没有玩家快速推动的游戏内容,其发展速度和现实就会变成一比一。
汲松也看见了那个发呆的女童。
她知道对方是玩家,也已经猜想到,十一号直播间很有可能是一测期间已经死亡的玩家的人生重播。
如果这一猜想无误,总会放主播关键人生大事件的十一号直播间,为什么要将镜头聚焦在三岁女童的发呆画面上?
除非说,该玩家在这一时期做出了决定命运的选择。
汲松知道,也许不久之后,自己就能从直播间中看见这个选择的最终答案。
但在此之前,她更想自己思考。
汲松的座右铭就是,永远不要放弃思考。
人类有不同的性别,不同的年龄,不同的阶级,财富的量分出了贫富,权力的大小定义了官级的高低……
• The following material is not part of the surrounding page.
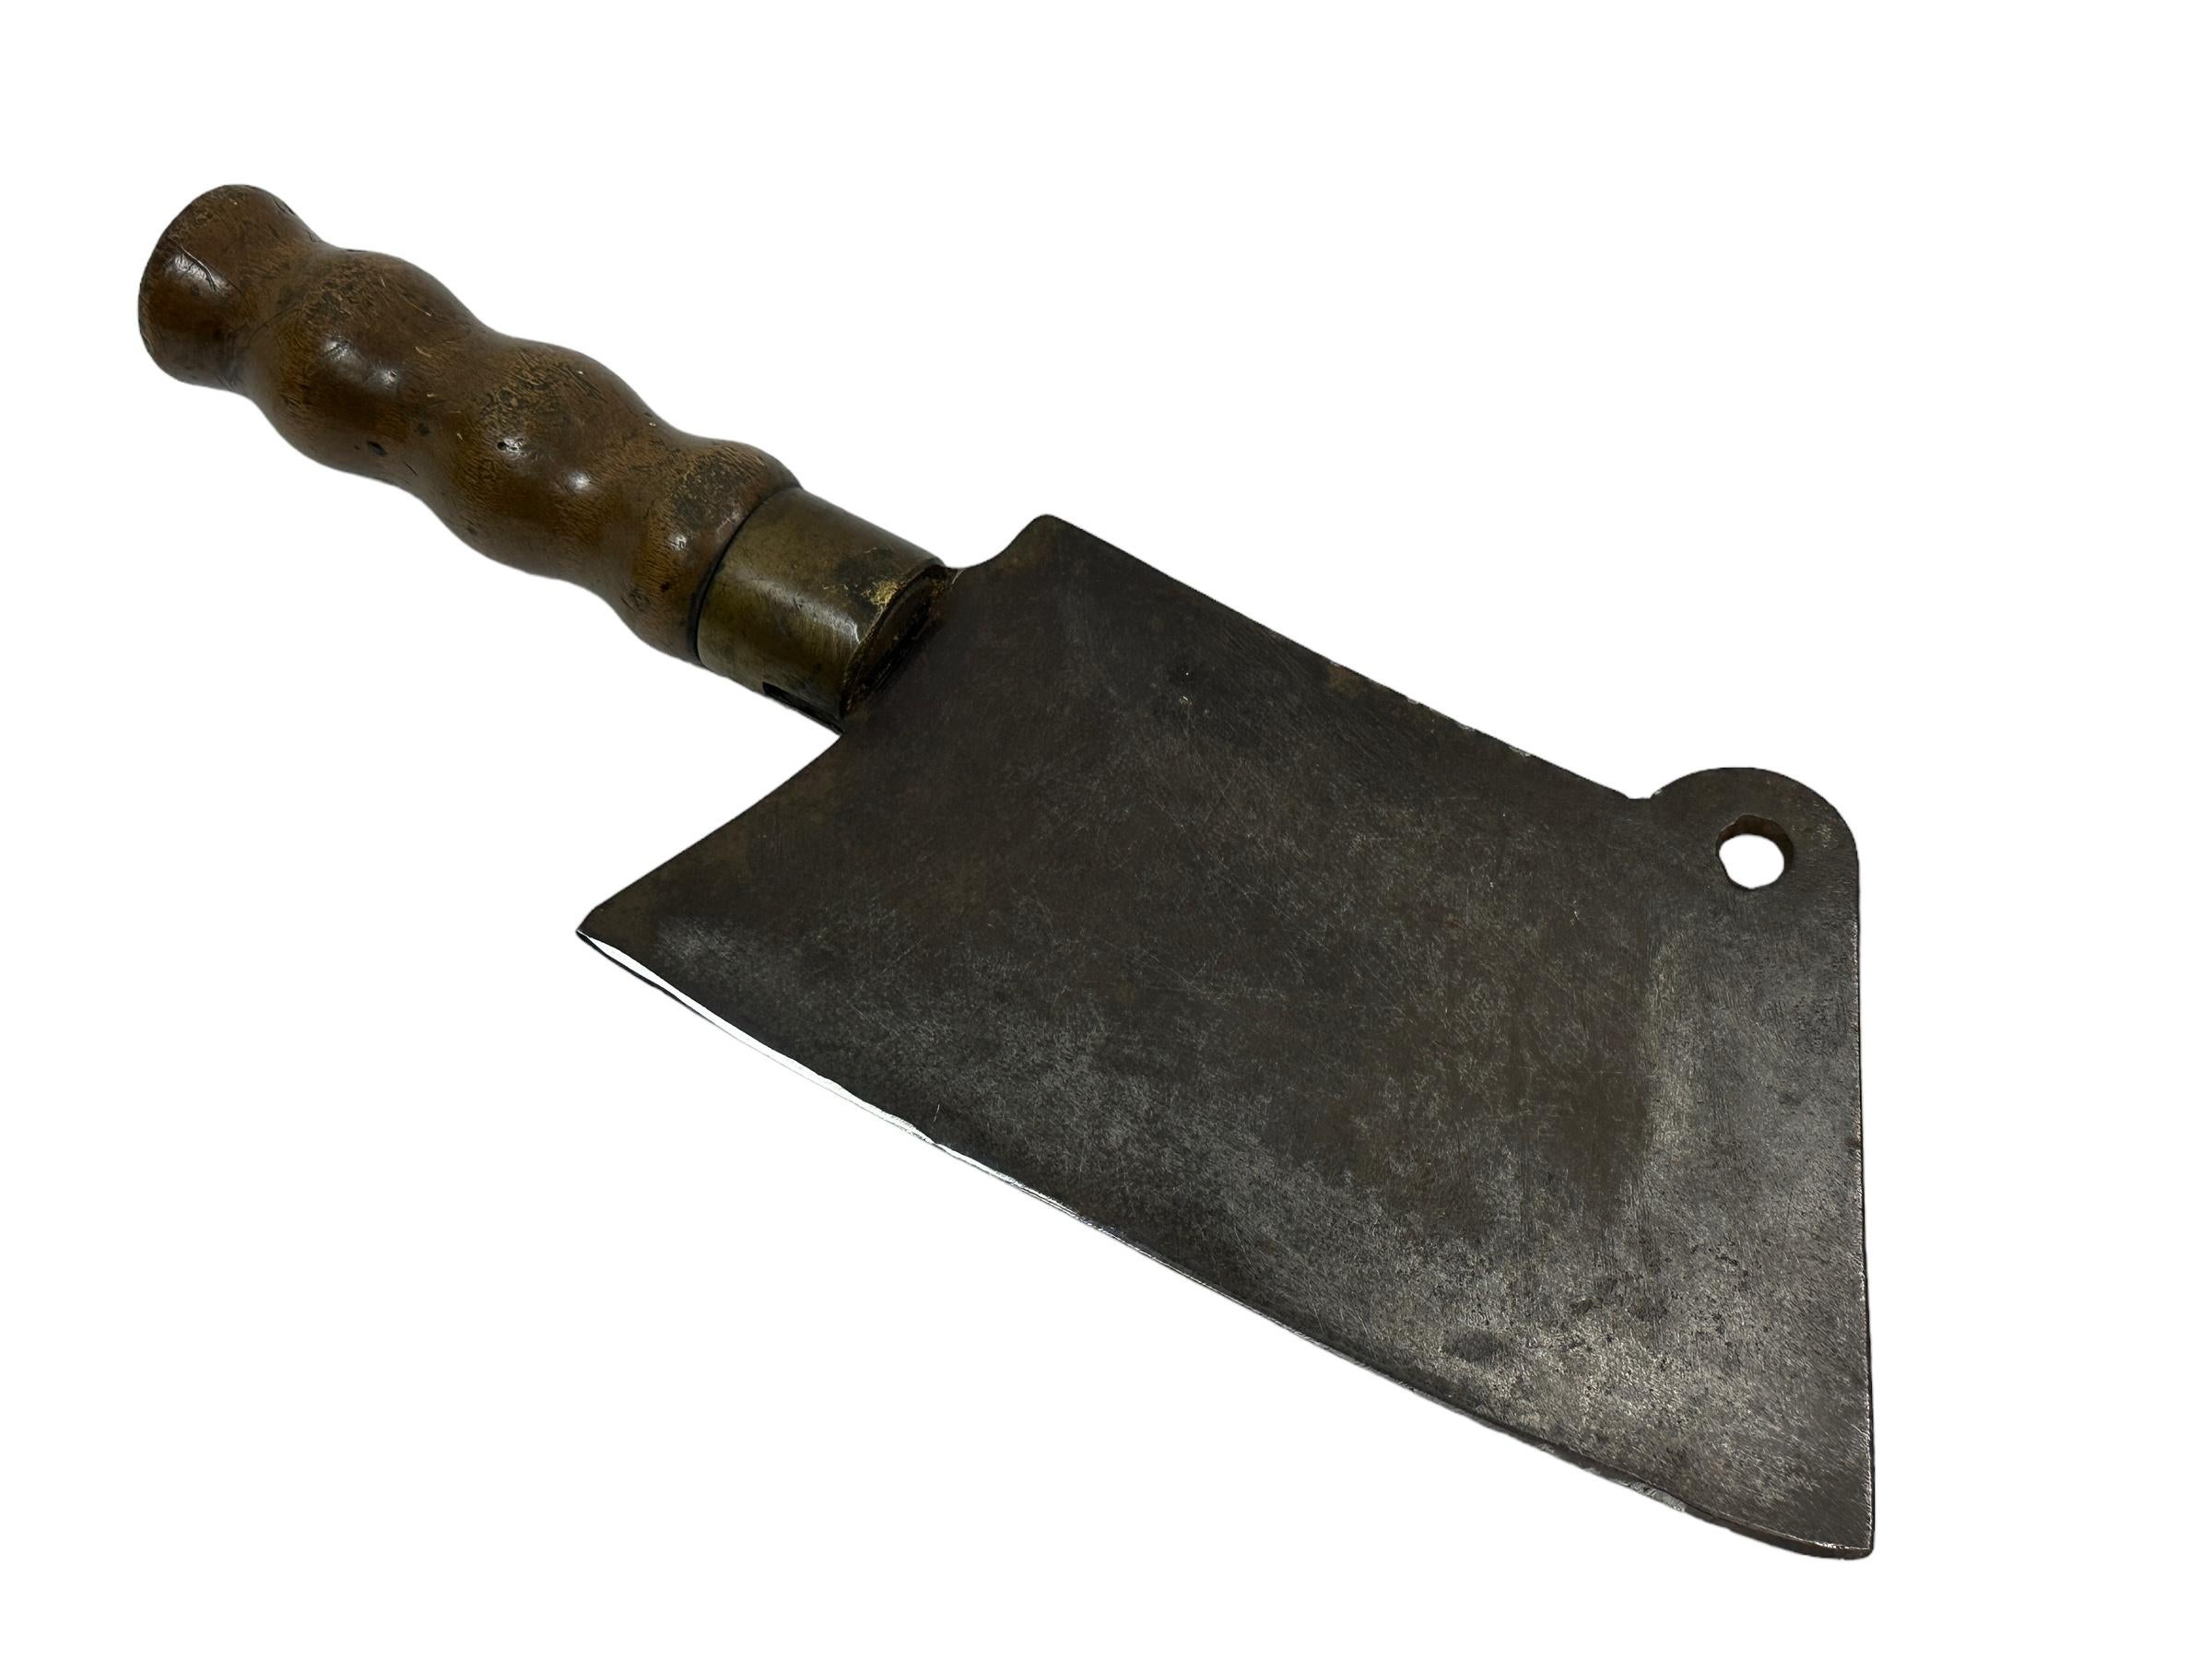 Antique 19th century European cleaver. Made from hand-wrought iron with wood handle. Great as a graphic wall decoration. Found at an estate sale in Nuremberg, Germany. Nice to display with your Butcher Block or to use in your Country Style Kitchen.

而汲松认为,所有人类公平拥有的东西,除了死亡之外,仅余思考力。
放下思考就意味着丢弃自己的力量。
所以,汲松想要凭借着自己的思考,来和那个也许已经死去多时了的玩家产生共鸣。
那位三岁女童,彼时彼刻正在想些什么呢?
是打算接受这注定痛苦的一生,还是在内心深处宣誓一定要通关这个游戏。
如果是前者,她会害怕明天依旧要被放血的发展吗?
如果是后者,她会坦然接受自己即将又要被扔进山林,长久和各种猛兽身处一地吗?
要是她想要得过且过,既向目标努力,但又像她汲松一样对未来充满迷茫……
那她会不会一边害怕,一边恐惧,一边又强迫自己接受不愿接受的残酷事实……?
汲松抽离了自己的感情,冷漠地将自己上述的思考全都定义成情绪化的想法。
那么不情绪化的想法又该是什么?
巫族……
汲松依照自己现代人的想象力继续思考,巫族,巫、巫医?
对方能否快速医治她呢?
巫族存在于那个三岁女童的游戏里,也一定会存在到这个世界。
每个玩家进的游戏背景本质都是一样的,只是个人的发展不同。
她之后能否依照女童视角透露出来的消息找到巫族?
对方又能否为自己效力?
除却效力之外,自己又能否学习到那种强大又奇特的力量?
汲松对此很是在意,也不断思考着之前看到的十一号直播间的画面。
她寄希望于从那些闪烁的画面中提取到更多的信息,也已经做好了要从接下来的播放画面中找到自己问题答案的准备。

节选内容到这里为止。